Consequently, we affirm the trial court’s order of dismissal, albeit on other grounds. See Bengston v. USAA Property & Casualty Insurance, 3 P.3d 1233, 1236 (Colo. App. 2000)(appellate court will uphold decision by trial court that reached correct result).


In his appeal, Krystkowiak contends that the trial court erred by denying his request under § 13-17-201 for an award of attorney fees. We agree, but on grounds different from those upon which he relies.

Because Krystkowiak’s C.R.C.P. 12(b) motion to dismiss, if properly postured, would have succeeded without a POME inquiry, he may be entitled under § 13-17-201 to a reasonable portion of his attorney fees.
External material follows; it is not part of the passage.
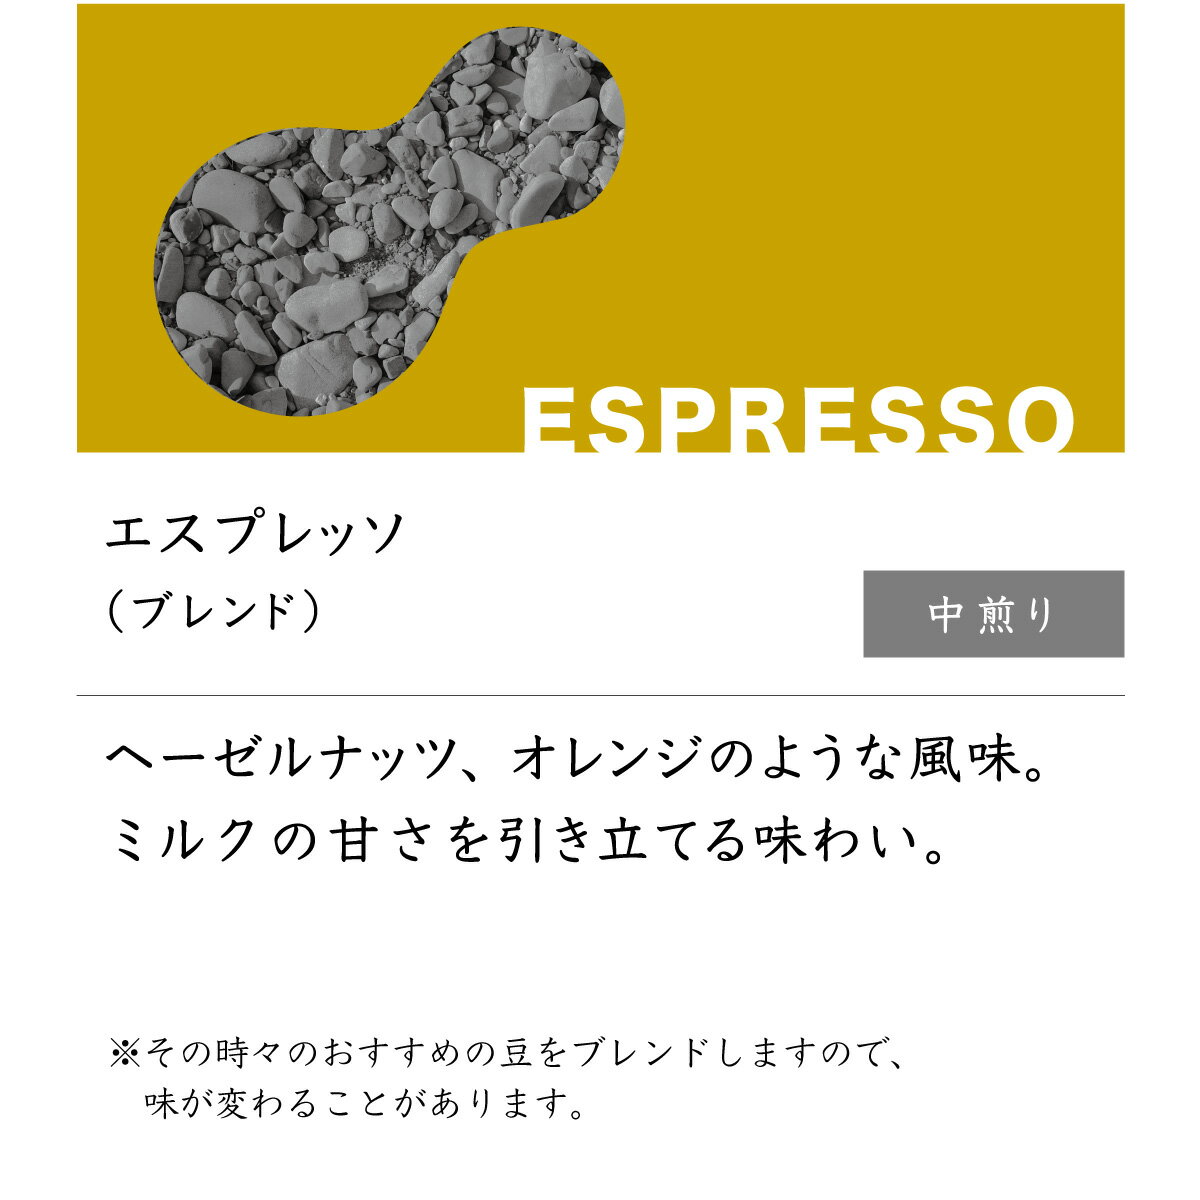 トートコーヒー『エスプレッソ』

Consequently, we remand the case to the trial court to determine what amount, if any, would be reasonable under the circumstances.

Accordingly, that part of the judgment dismissing Brisben’s claim against Krystkowiak is affirmed; that part of the judgment denying Krystkowiak attorney fees is reversed; and the case is remanded to the trial court with directions to conduct further proceedings consistent with the views expressed in this opinion.